These macroeconomic shocks strained the willingness of
Germany and Latin America to service foreign debts. The decline
in export prices greatly increased the real cost of servicing the
massive amount of fixed high interest rate bonds issued during
the 1920s. Germany and Latin America initially serviced their
debts by liquidating holdings of international reserves,
requiring them to deflate their economies as long as they
maintained fixed exchange rates. After 1930, debtors
increasingly chose to depreciate their currencies to limit their
economic contraction, but the severe deterioration of business
conditions eventually encouraged debtors to default--i.e., to
fail to pav contracted interest or amortization.

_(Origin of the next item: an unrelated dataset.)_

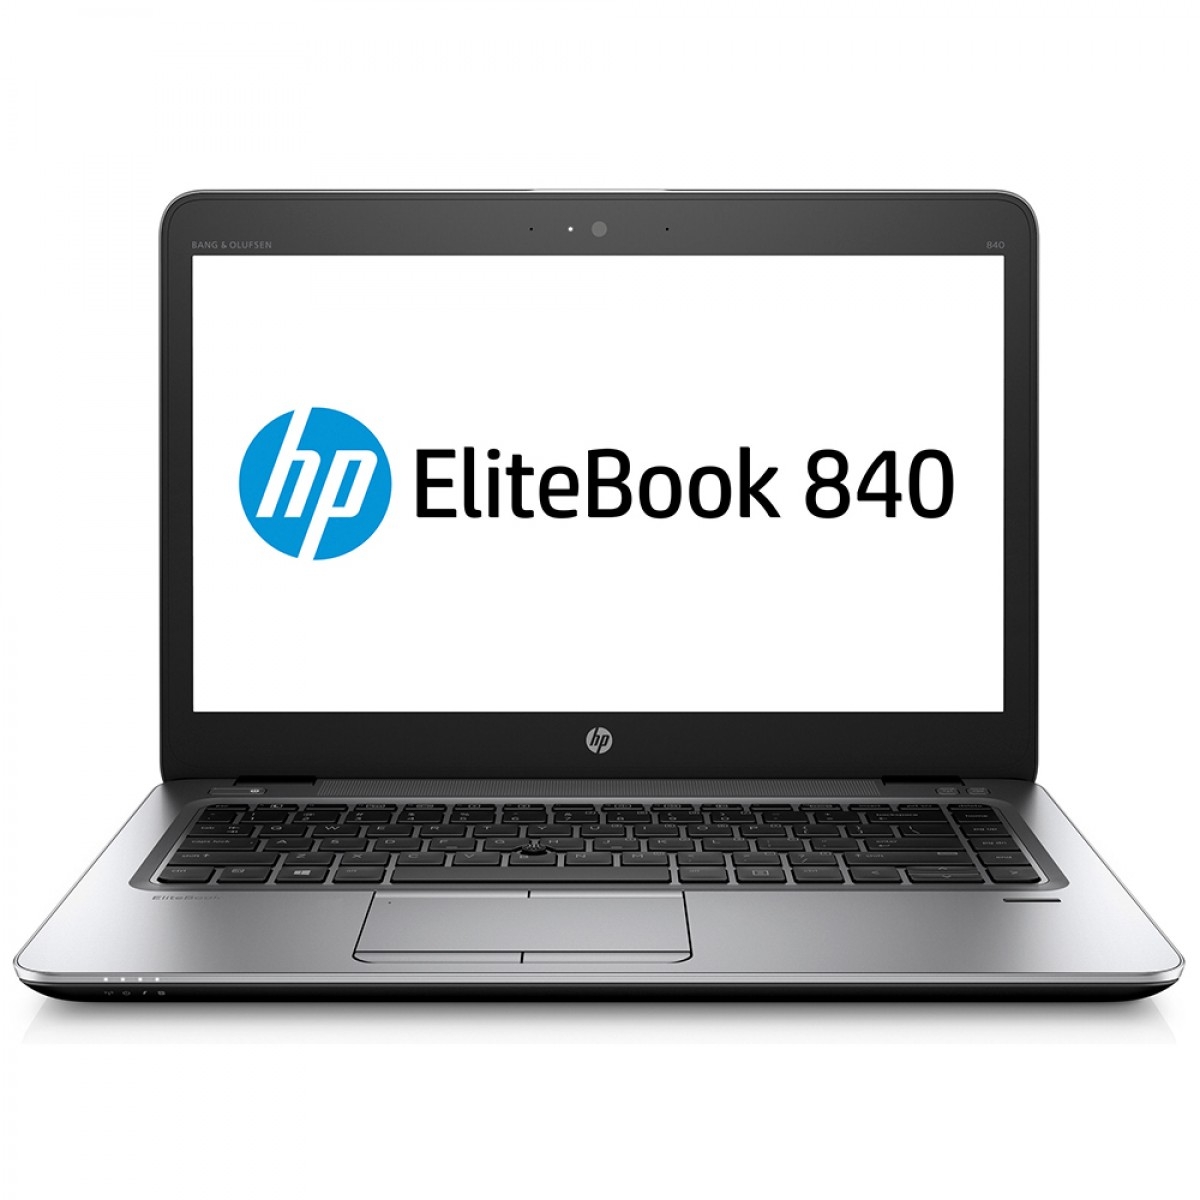 HP ELITEBOOK 840 G5 I5-8250U 256GB 8GB 14 W10P
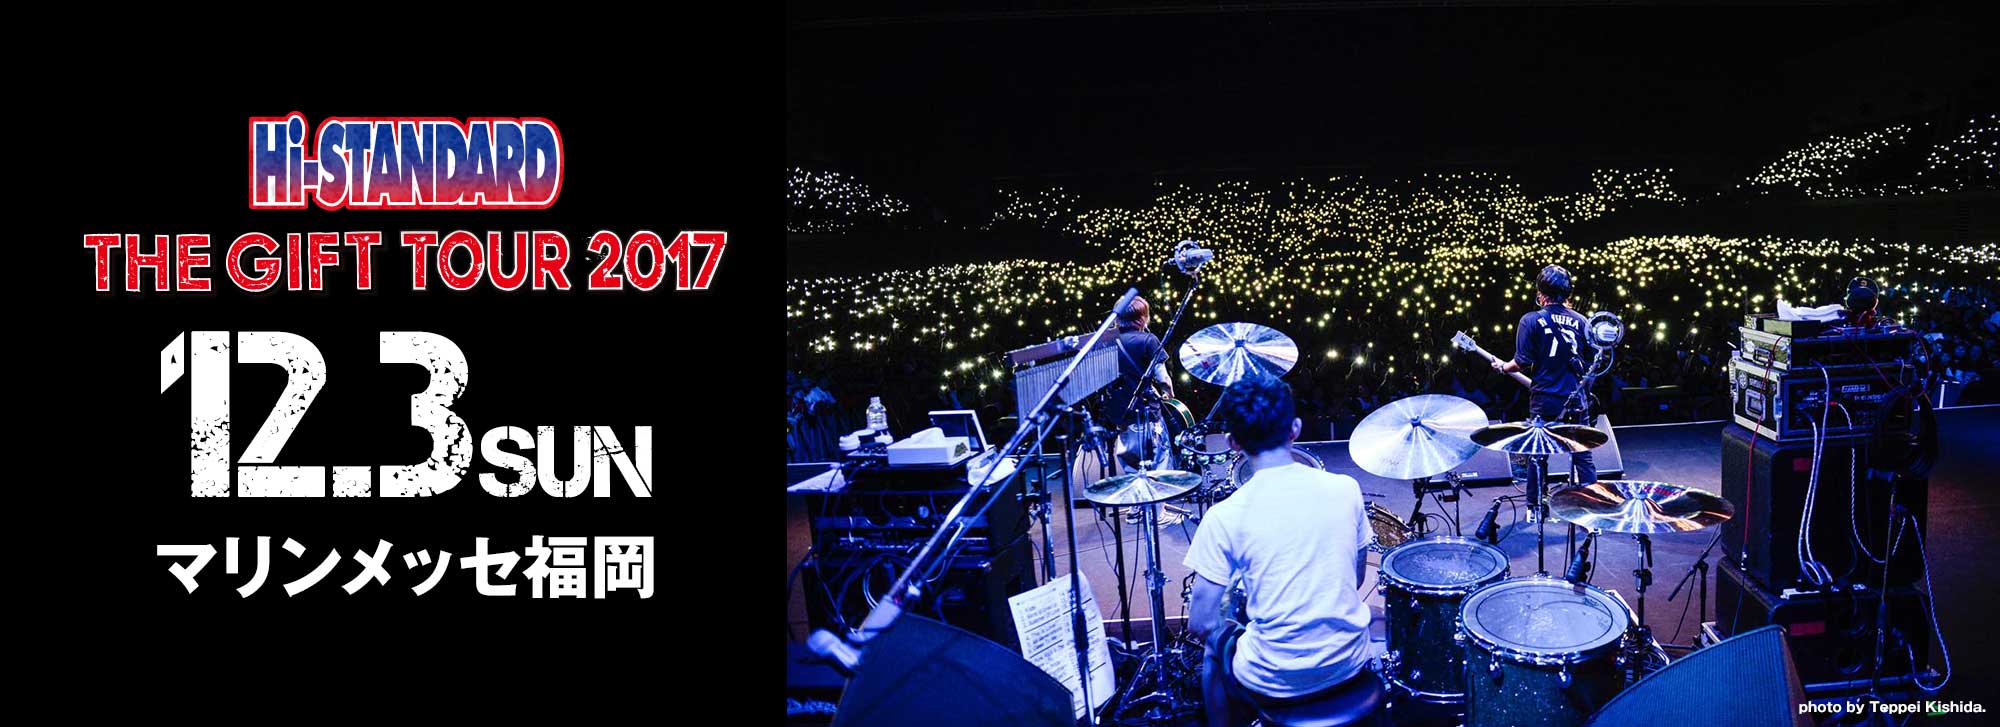 Hi-STANDARD THE GIFT TOUR 2017 12.3 SUN マリンメッセ福岡

Almost all
defaults took place by 1934.
President Hoover temporarily suspended the servicing of
Allied war debts and German reparation payments in 1931 in view
of the deteriorating world economy, but debtors subsequently
failed to resume repayment. The value of delinquent principal
owed by the Allies in 1931 exceeded $9 billion. Interest
payments on about 40 percent of outstanding foreign dollar bonds
held in the United States were also in default in 1935, involving
nearly $2.5 billion of the $6 billion of outstanding bonds. The
proportion of dollar bond defaults was highest in Latin America
(70 percent) and Europe (51 percent).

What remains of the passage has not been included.